- Exercise aim: All of the listing, from first line to last, should be output exactly; the pictures stay out.

- Recorded data:
+ + + + +
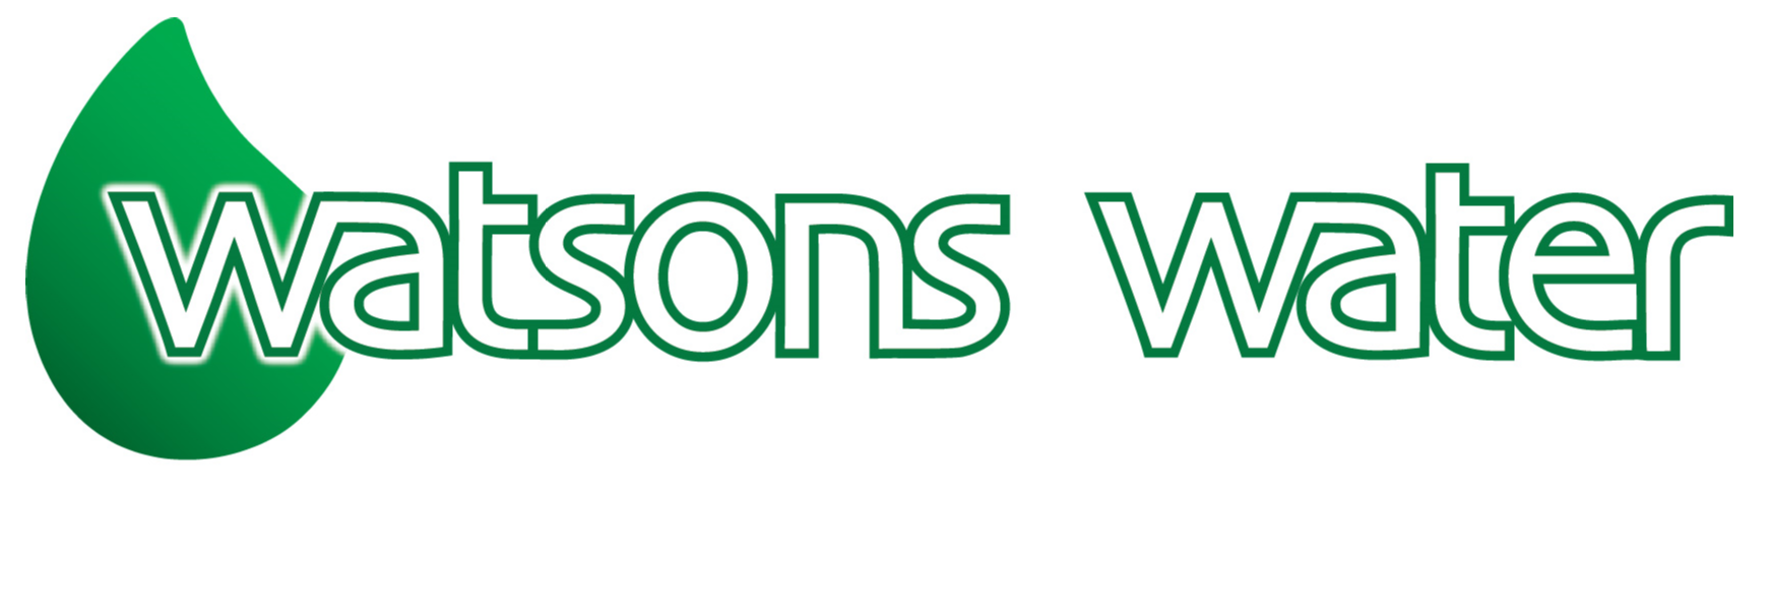 A S Watson & Co Ltd - Watsons Water
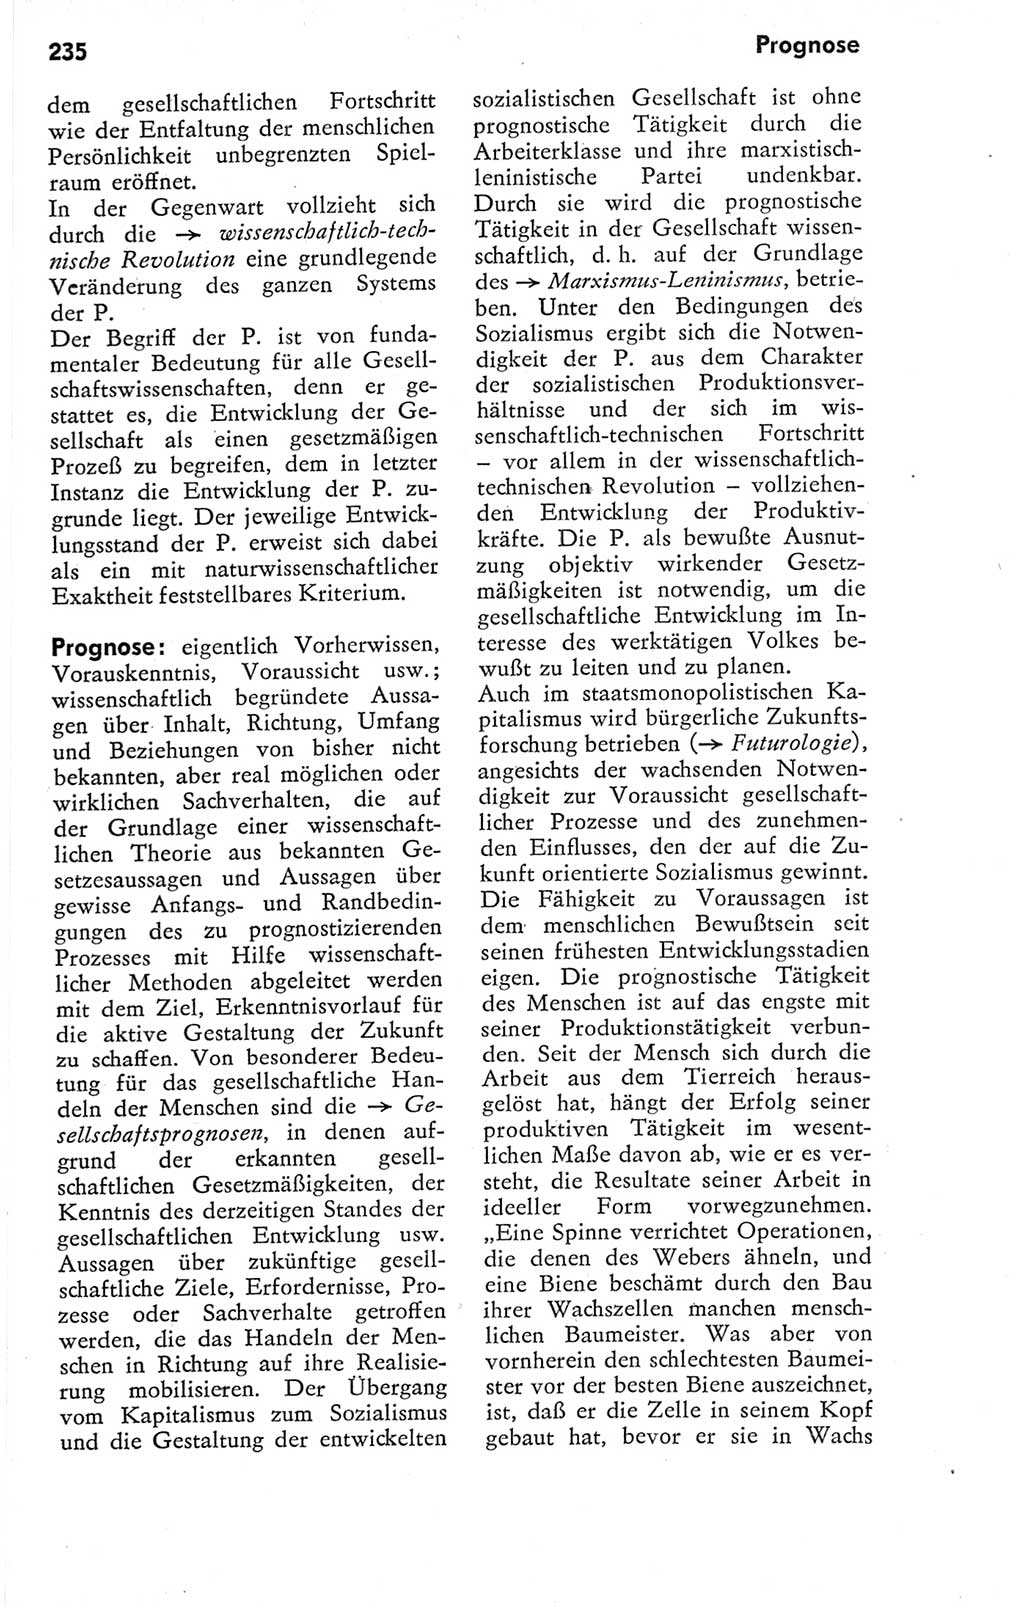 Kleines Wörterbuch der marxistisch-leninistischen Philosophie [Deutsche Demokratische Republik (DDR)] 1974, Seite 235 (Kl. Wb. ML Phil. DDR 1974, S. 235)
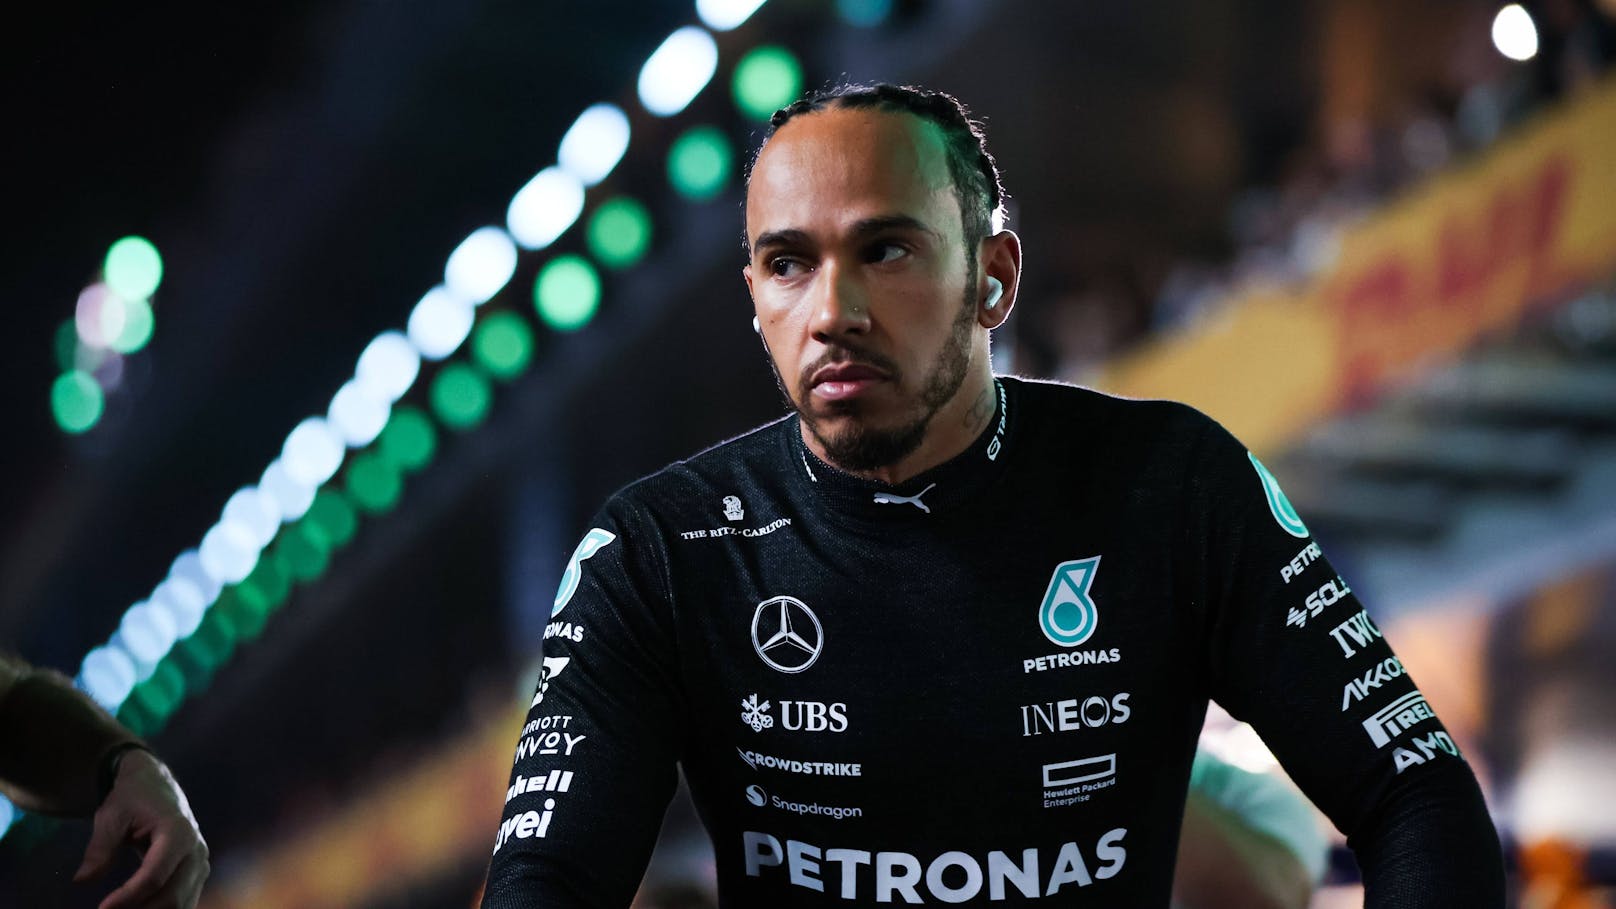 Hamilton frustriert: "Macht definitiv keinen Spaß"
+ + + + +
- Solution for this exercise:
 A S Watson & Co Ltd - Watsons Water
 Kleines Wörterbuch der marxistisch-leninistischen Philosophie [Deutsche Demokratische Republik (DDR)] 1974, Seite 235 (Kl. Wb. ML Phil. DDR 1974, S. 235)
 Hamilton frustriert: "Macht definitiv keinen Spaß"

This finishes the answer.